She is used to disappointments like this. She is stronger than even me. But I mourn for her and the hundreds of others that fall in her bucket. She is not alone.

For MYX to become accredited, we would have to become just like a traditional university. We would need all of our students to be degree seekers (even if the ROI is terrible!), we would need to have certain numbers of instructional hours, we would need to become the problem instead of the solution.

The fact that Callie can take out 1,000s of government student loans to go to her local community college with a 19% graduation rate, but can’t come to MYX with a 100% graduation rate, community and support, is just another example of the unfair qualities of the world. 

Jacob said by just putting this in writing it will make a difference.

I know he is wrong, but a promise is a promise. 

If you can’t trust yourself, who can you trust?

I’m realizing that the narrative in my head is not quite complete. Nope. That is not even a fair description.

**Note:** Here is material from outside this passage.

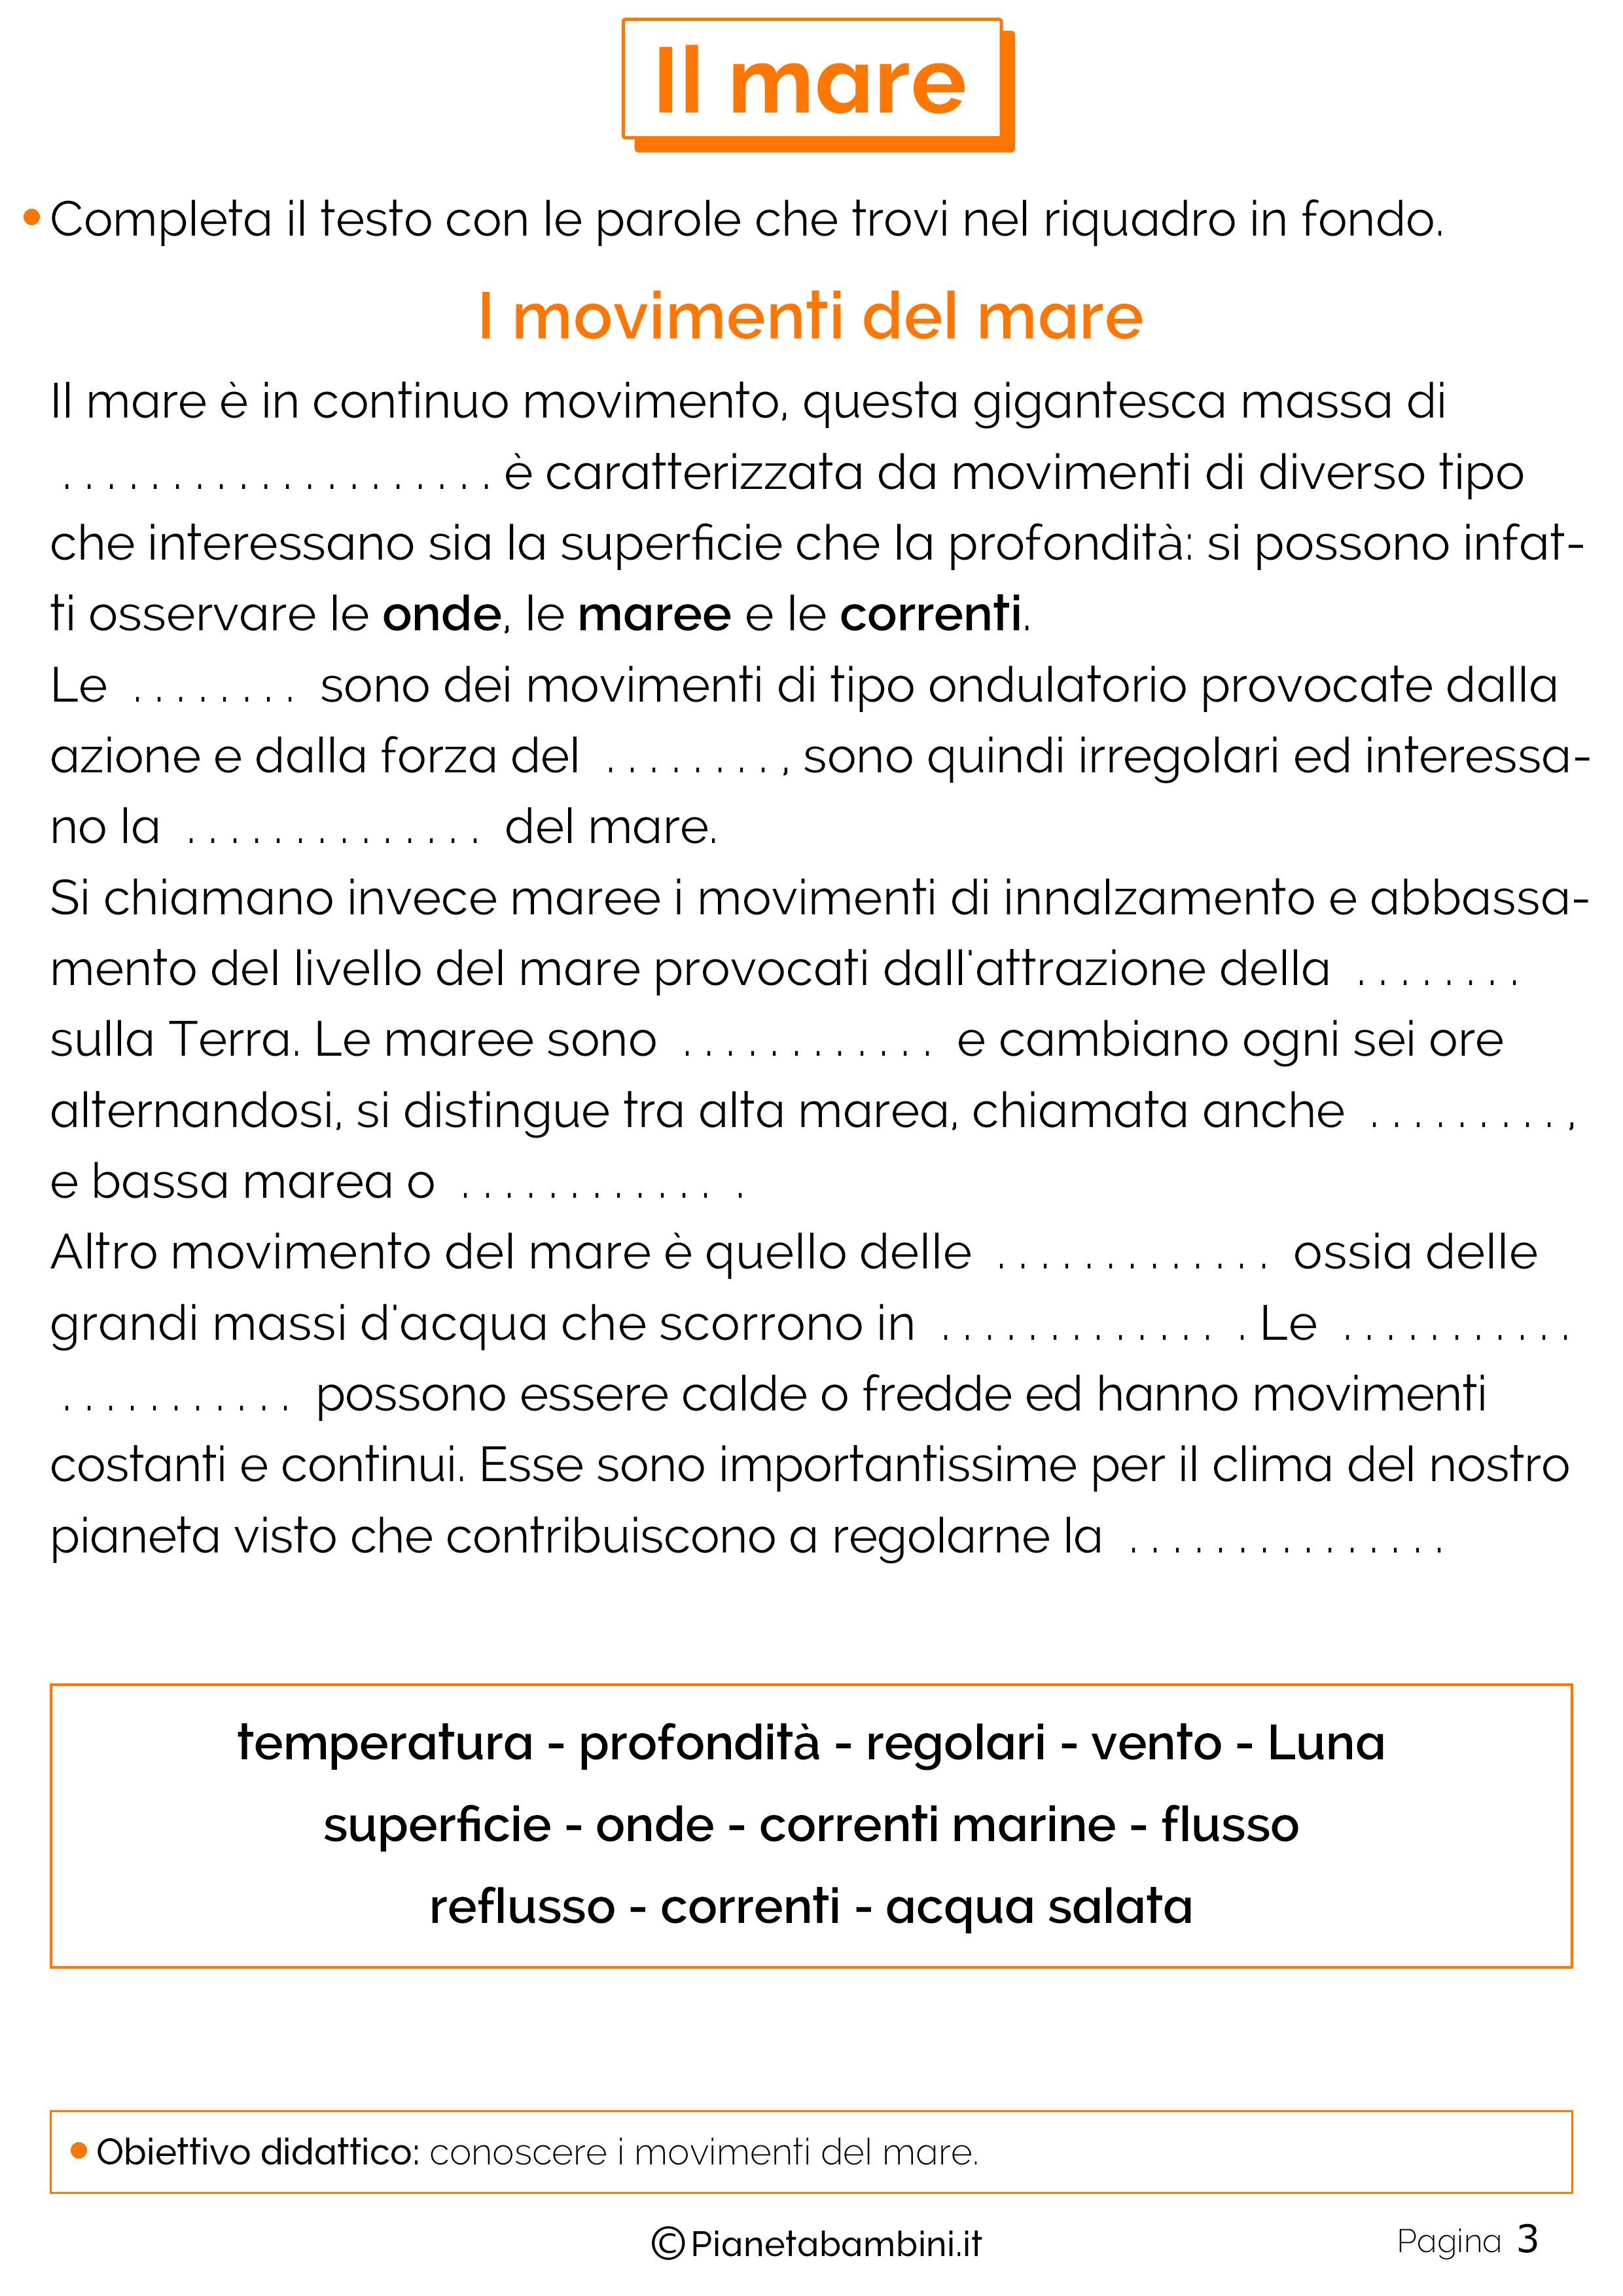 Preferenza Il Mare: Schede Didattiche per la Scuola Primaria | PianetaBambini.it QG32

It is totally inaccurate.

When reading THIS. It was like I was reading someone else’s story. My eyes rapt with this stranger’s tragedy. Turns out depressive people like tragedies.

Note: I have NOT watched the Hands Maid Tale. Oh, I want to, but thank you blog for that warning.

Reading that post was like learning this story for the first time. Huh? How does that make sense? Didn’t I experience it?! 

I mean I know those things happened, but I don’t remember them like that at all.  I forgot that these events even occurred in the same day. That all of that happened within 18 hours. That Jacob had surgery and a blood transfusion in one day with two separate trips to the hospital. You would think that would be something a mother would remember?! I don’t even remember having to hold him down against his will, the kicking, the screaming. Most of my memories are of Jacob walking himself in, sitting on the table, and asking when the sleepy medicine starts. 

Over the last two years I even told myself a little lullaby. I reminded myself that I never had to do something against Jacob’s will. How lucky am I.  I had seen so many other parents have to. But yet that inner mantra…isn’t quite true.

Oddly, I do recall the man almost dropping a hammer on Jacob’s head. I remember that vividly. I can even see the person’s face. I remember screaming. Pushing them out the door as they screamed at me in Spanish. 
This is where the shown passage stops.